Exercise instructions:
Set down each line from the line holding "Front View The" to the last line of the entries below, exactly, with both ends included and without pictures.

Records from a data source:
□ □ □ □ □ □ □

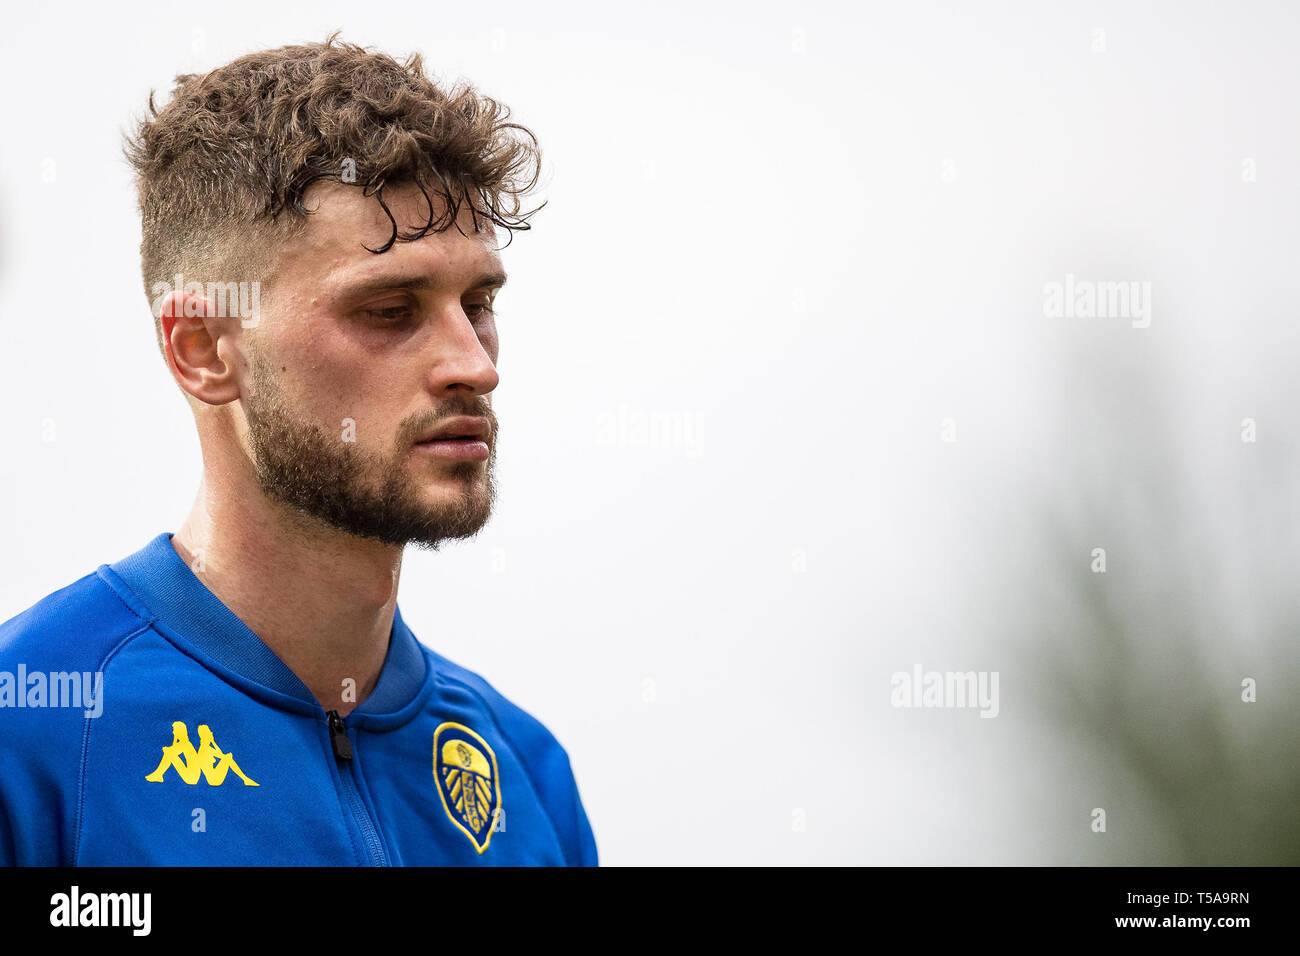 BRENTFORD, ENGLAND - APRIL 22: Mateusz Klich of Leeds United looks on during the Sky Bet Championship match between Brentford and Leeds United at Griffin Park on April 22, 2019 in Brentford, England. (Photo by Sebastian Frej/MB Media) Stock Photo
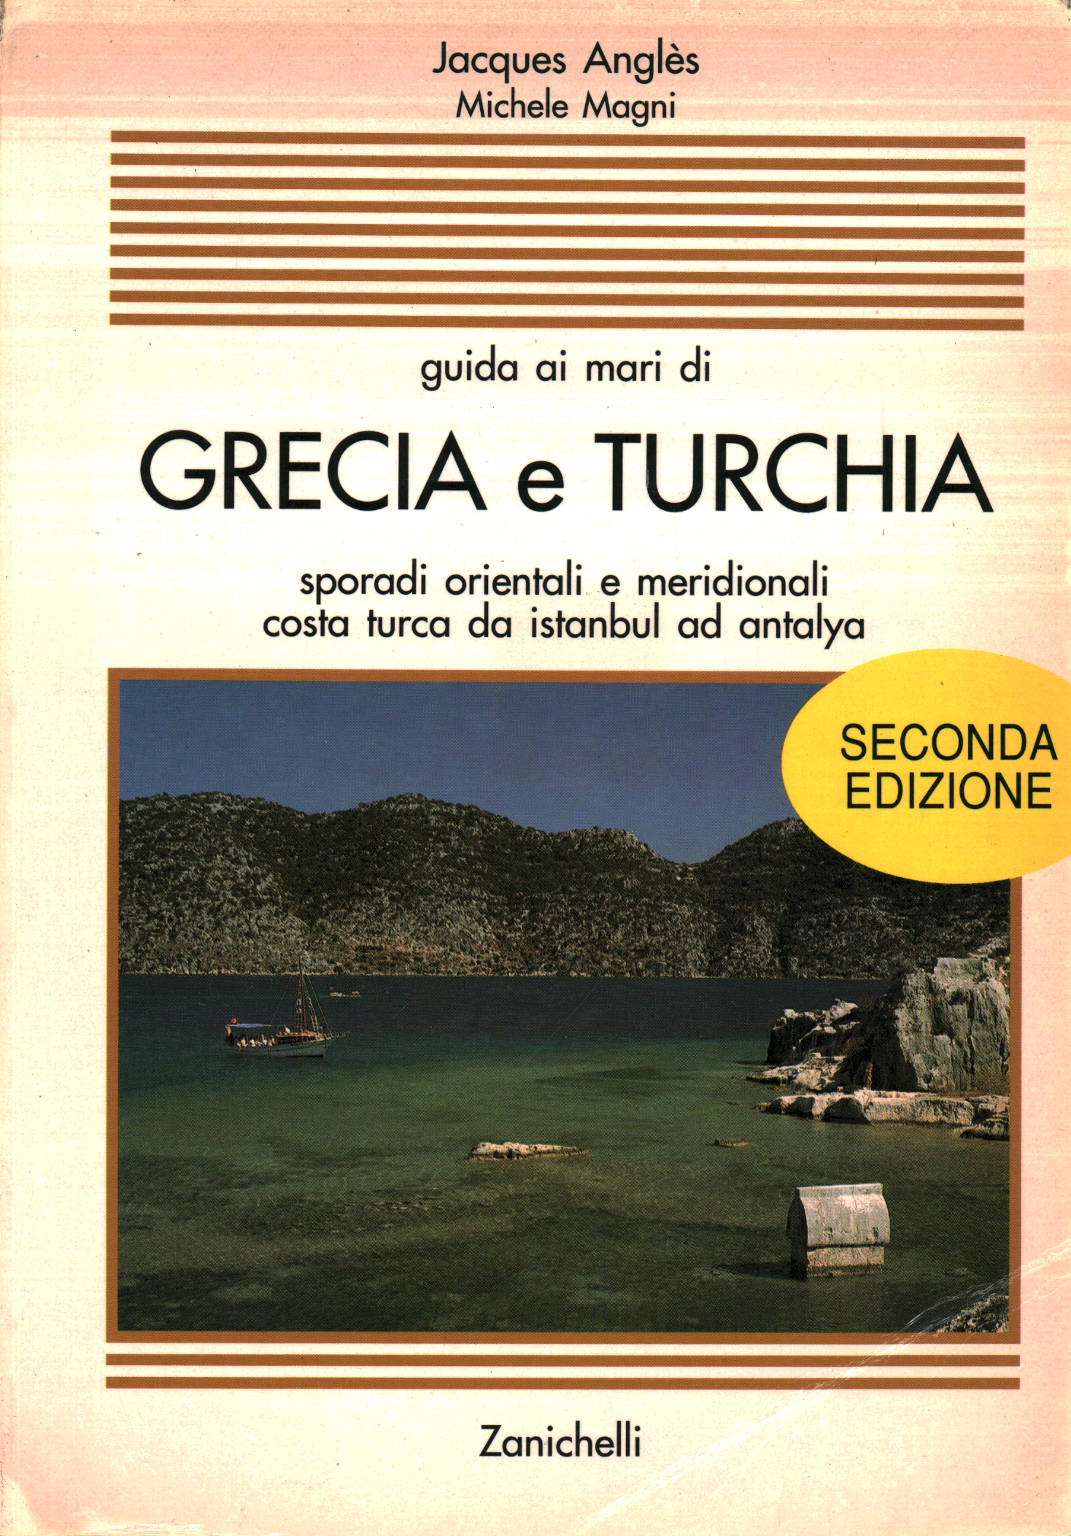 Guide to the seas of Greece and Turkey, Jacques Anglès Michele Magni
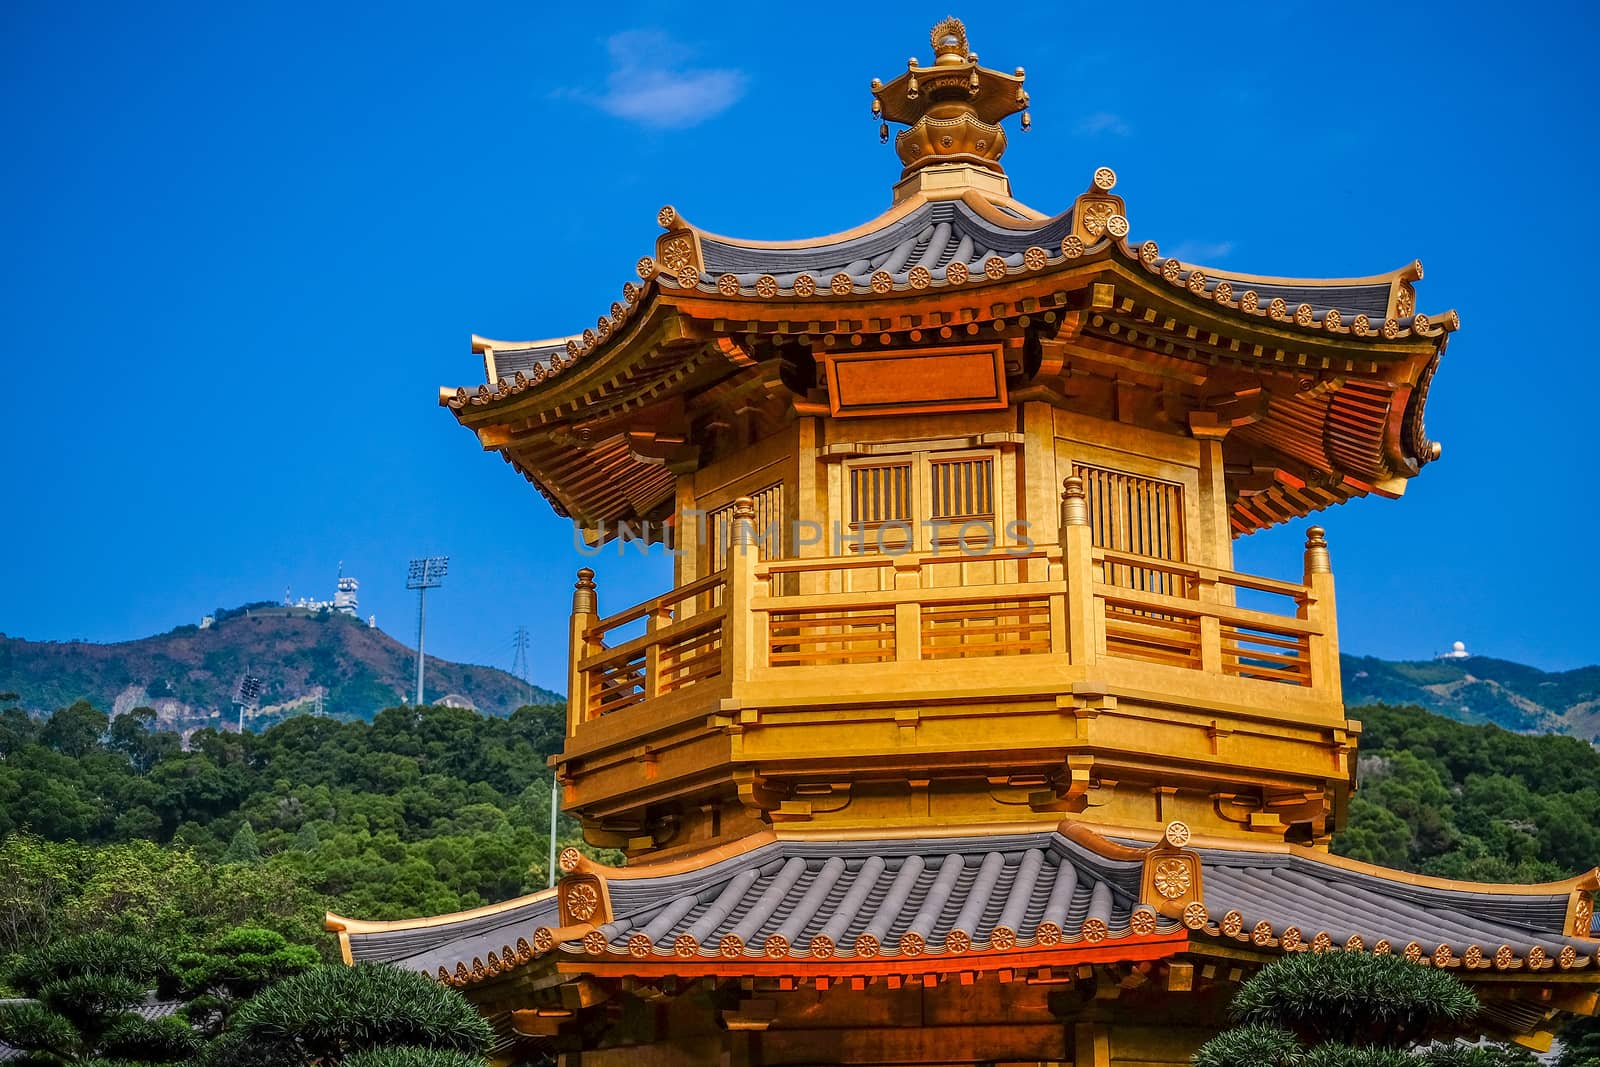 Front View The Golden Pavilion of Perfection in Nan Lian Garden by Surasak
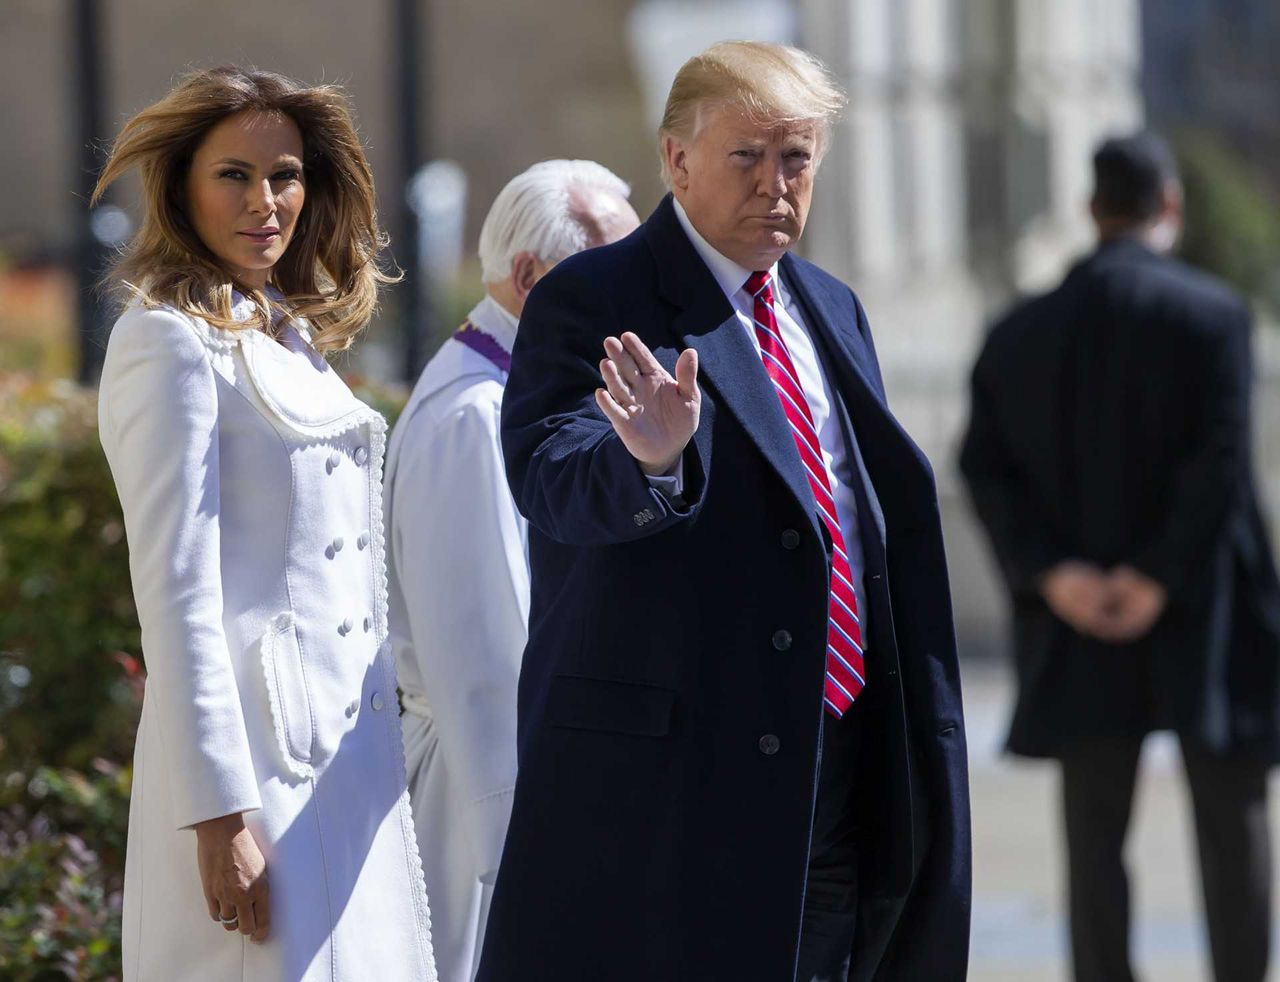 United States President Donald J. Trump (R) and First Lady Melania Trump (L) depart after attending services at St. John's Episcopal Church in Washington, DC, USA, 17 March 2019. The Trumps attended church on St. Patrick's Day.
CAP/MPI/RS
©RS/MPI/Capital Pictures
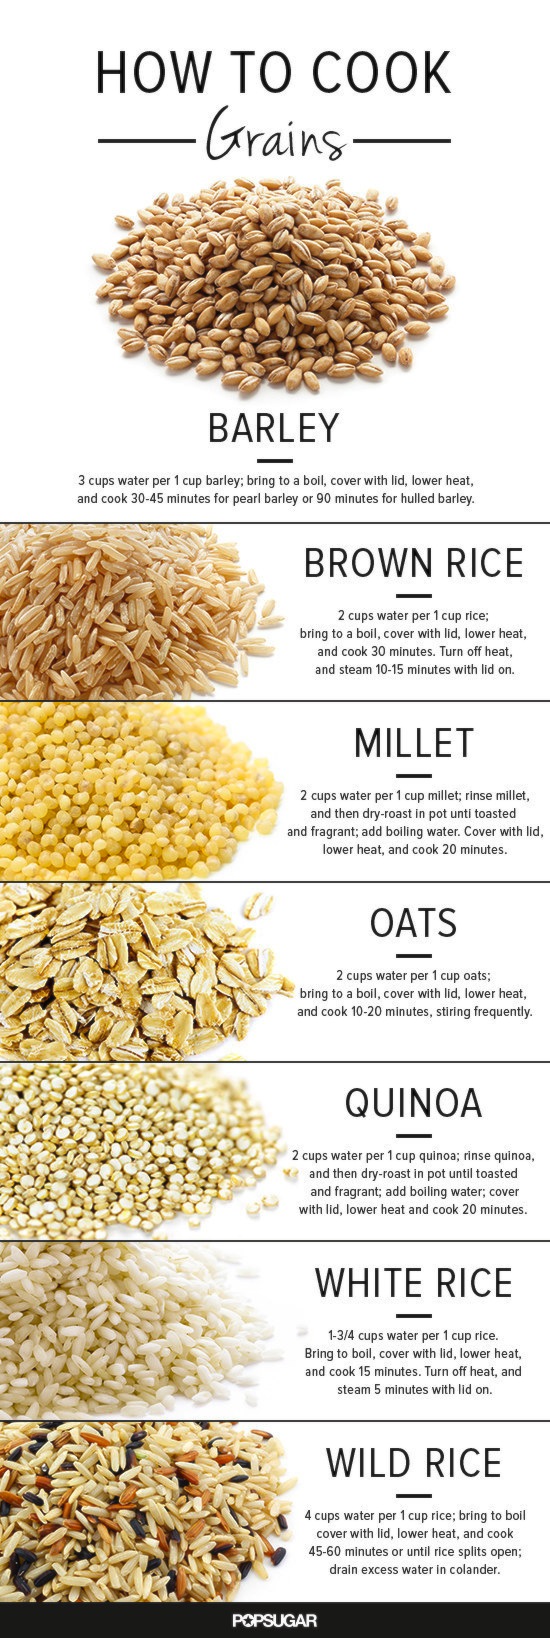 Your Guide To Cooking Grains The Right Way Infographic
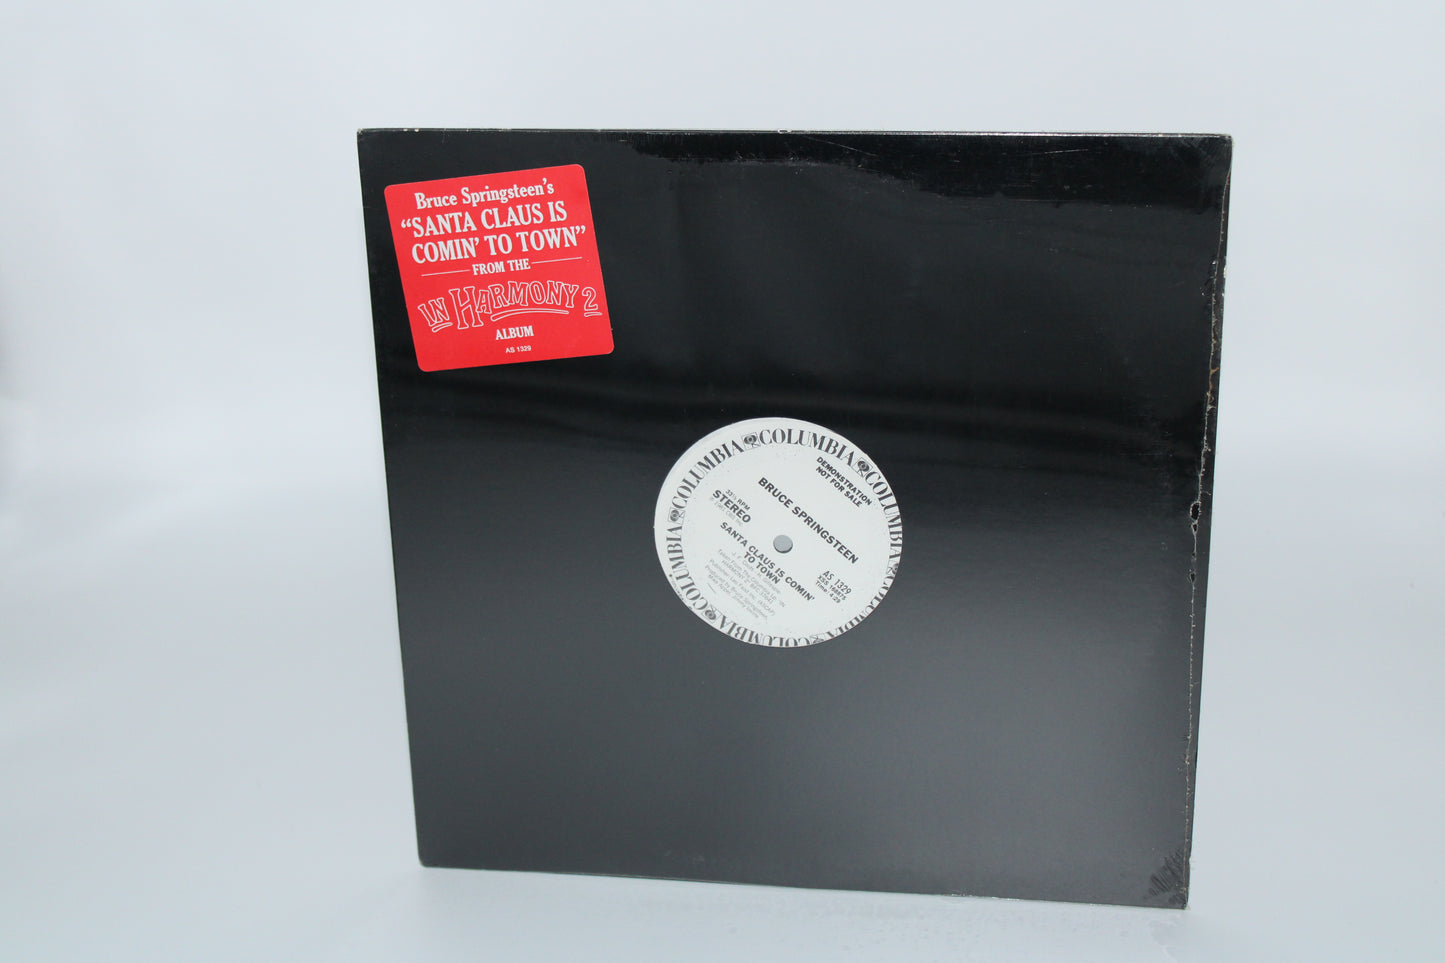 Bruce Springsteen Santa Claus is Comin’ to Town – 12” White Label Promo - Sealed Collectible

□ □ □ □ □ □ □

Output for this task:
 Front View The Golden Pavilion of Perfection in Nan Lian Garden by Surasak
 United States President Donald J. Trump (R) and First Lady Melania Trump (L) depart after attending services at St. John's Episcopal Church in Washington, DC, USA, 17 March 2019. The Trumps attended church on St. Patrick's Day.
CAP/MPI/RS
©RS/MPI/Capital Pictures
 Your Guide To Cooking Grains The Right Way Infographic
 Bruce Springsteen Santa Claus is Comin’ to Town – 12” White Label Promo - Sealed Collectible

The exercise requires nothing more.